Рик рванулся к Потребителю как раз в тот момент, когда Лонгин, очертив в воздухе дугу, снёс хозяина заведения. Золотое сияние мигом померкло, раскрытая книга выпала из рук Джонни, глухо стукнувшись об пол.
Пространство вокруг стало прежним. С улицы донеслись безумные крики, хлынувшие вместе со звуками битого стекла, радостным улюлюканьем и гортанными криками.
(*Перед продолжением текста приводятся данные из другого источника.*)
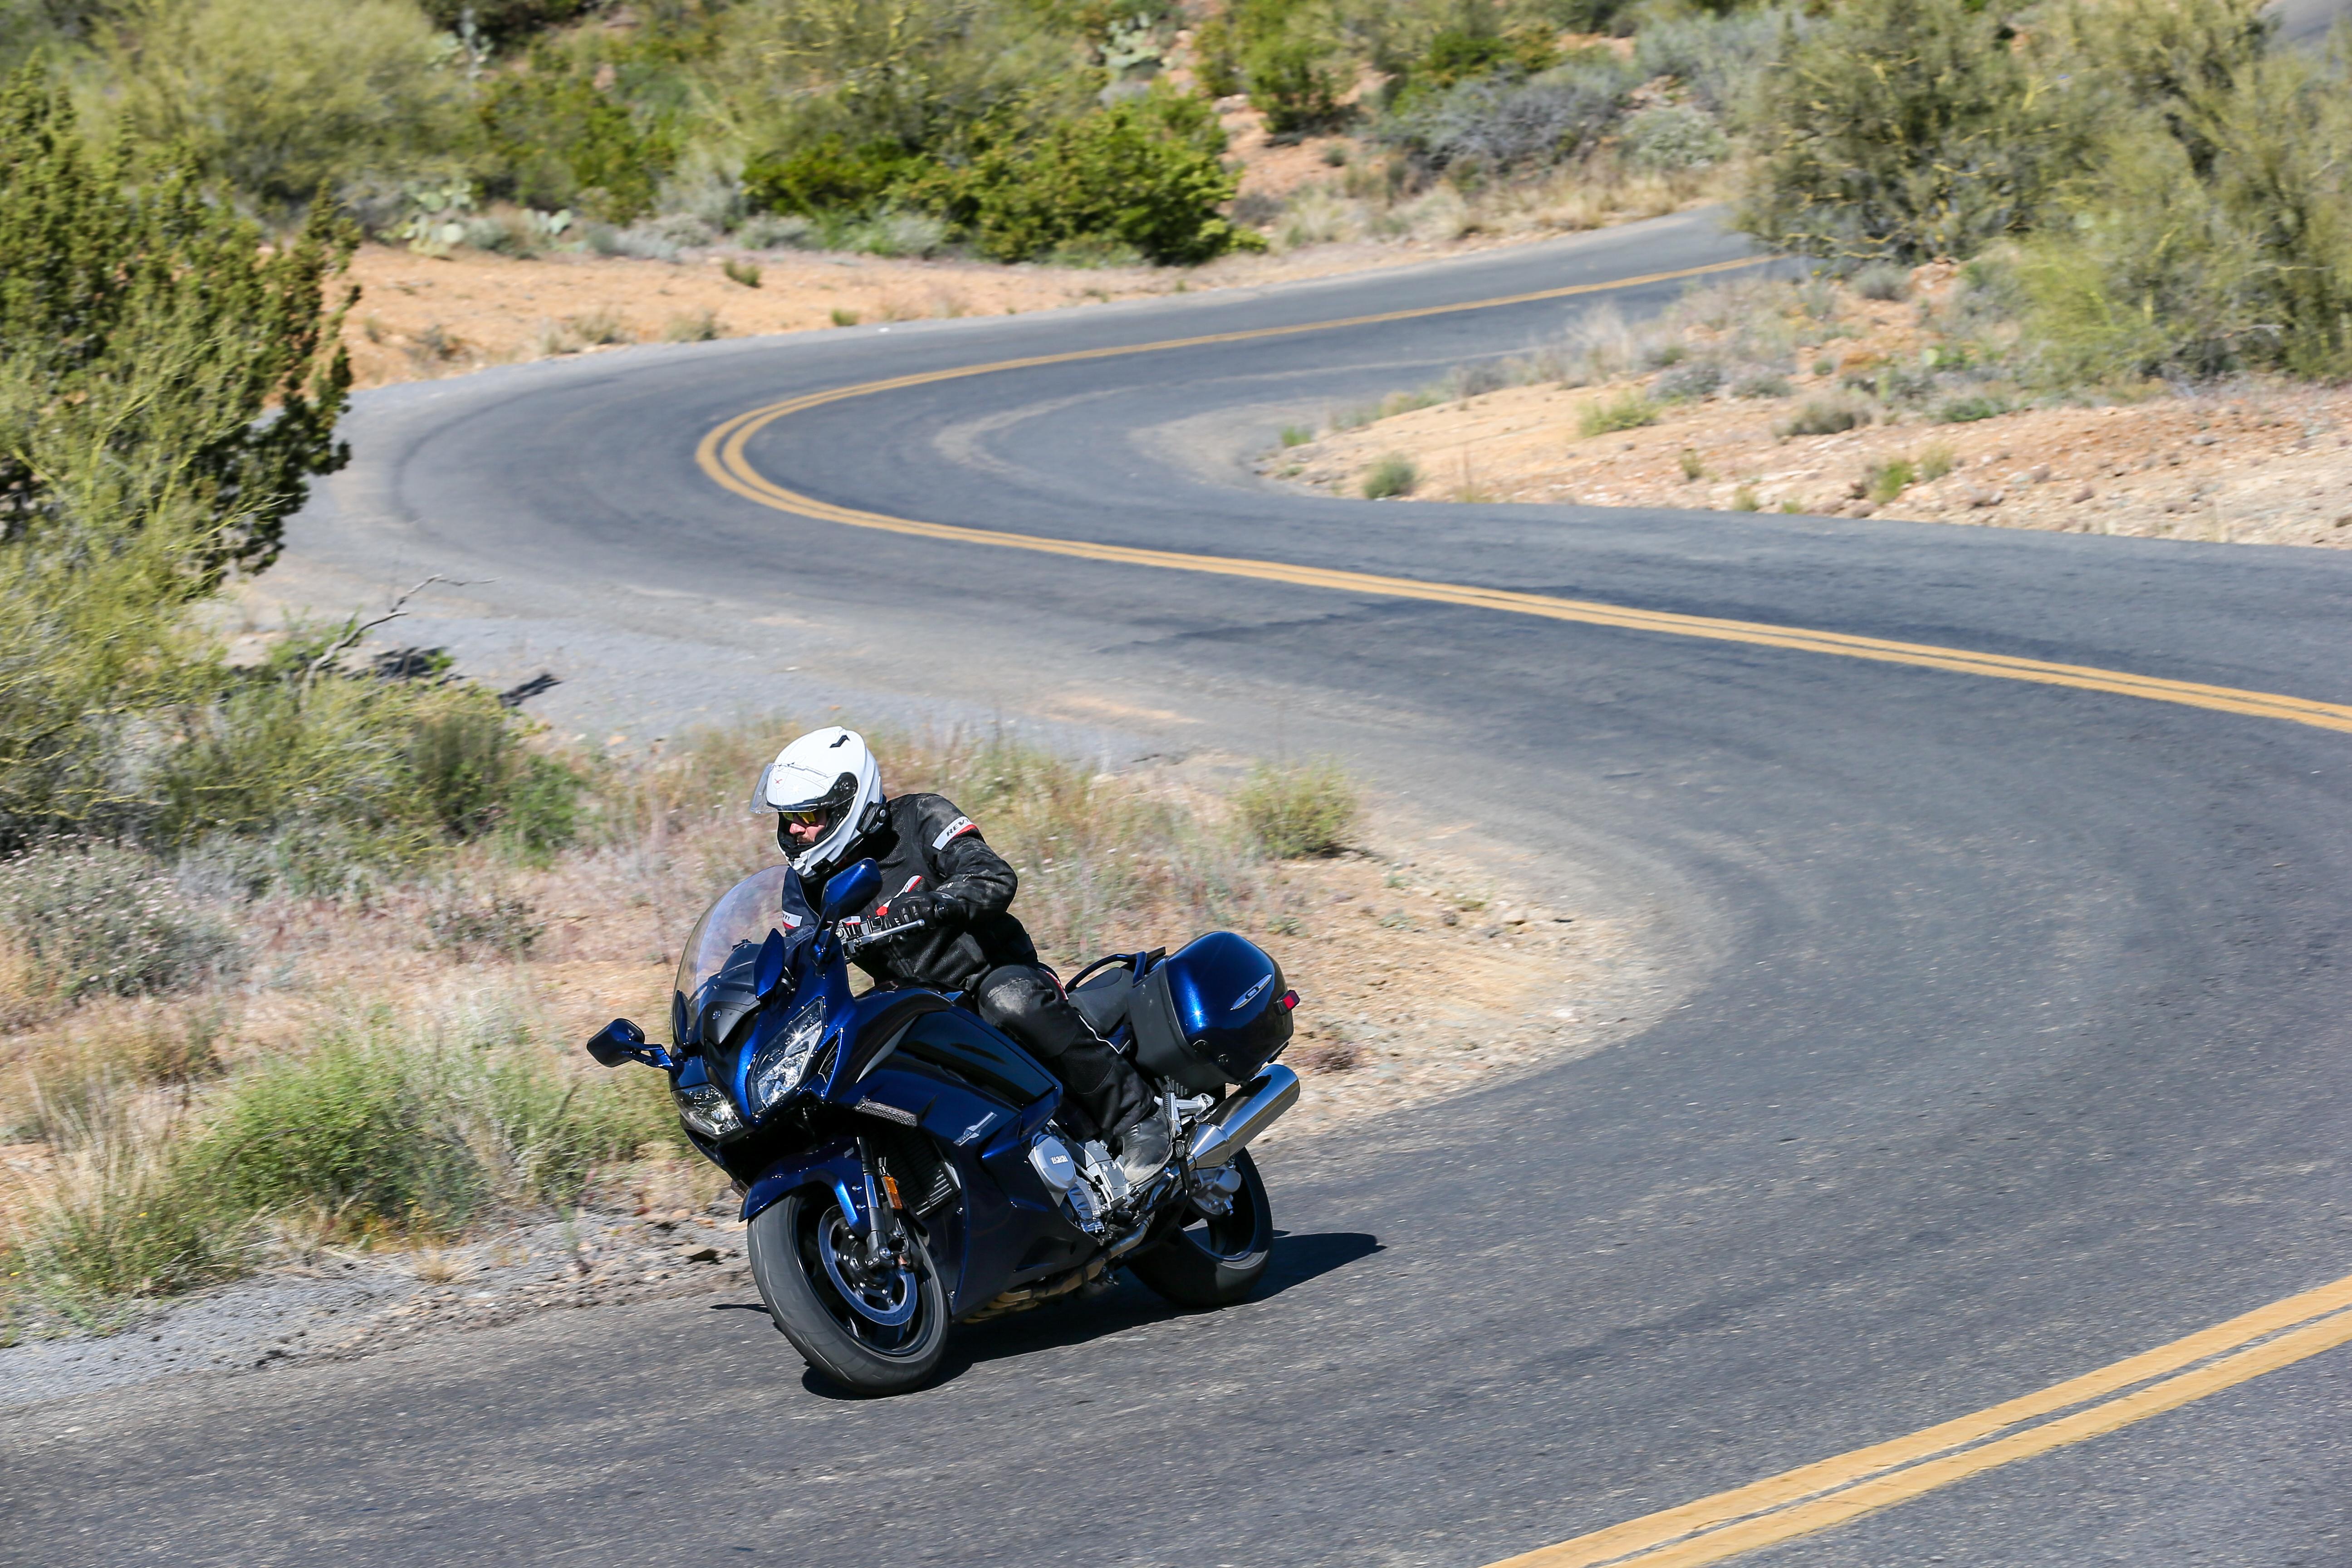 2016 Yamaha FJR1300 first ride review - RevZilla

Повсюду лаяли или выли собаки, слышался треск и звуки драки, двери бара уже трещали от напора горожан, издали слышались не то мольбы о пощаде, не то пьяные голоса насильников и грабителей.
На долю секунды, всего на мгновение, пока одна реальность неохотно возвращалась в другую, перед Ричардом возникло узкое лицо, скрытое красивой карнавальной маской, и призрачная дымчатая плоть обрела упругость и уязвимость.
Зарычав, будто раненый зверь, судья с силой вонзил сверкающее лезвие меча в плечо противника. Тот глухо застонал, отшатнувшись в сторону, и снова обретая туманную плоть взамен такой слабой человеческой оболочке.
Потребитель исчез, будто шагнул в каменную стену позади себя. Рик на мгновение затормозил с поднятым клинком, оглядываясь по сторонам во всех доступных реальностях и линиях времени. Поднявшийся с пола покряхтывающий Джонни уцепился рукой за гладкую барную стойку и, приподняв над ней голову, молча указа рукой куда-то в сторону подсобки.
Рик бросился туда, не тратя времени на раздумья. А на улице продолжала бушевать толпа безумных горожан, напившихся до чертей, смеющихся и плачущих, решивших напоследок хорошенько отметить свои последние часы в обречённом городе, над которым подняла и расправила крылья чума…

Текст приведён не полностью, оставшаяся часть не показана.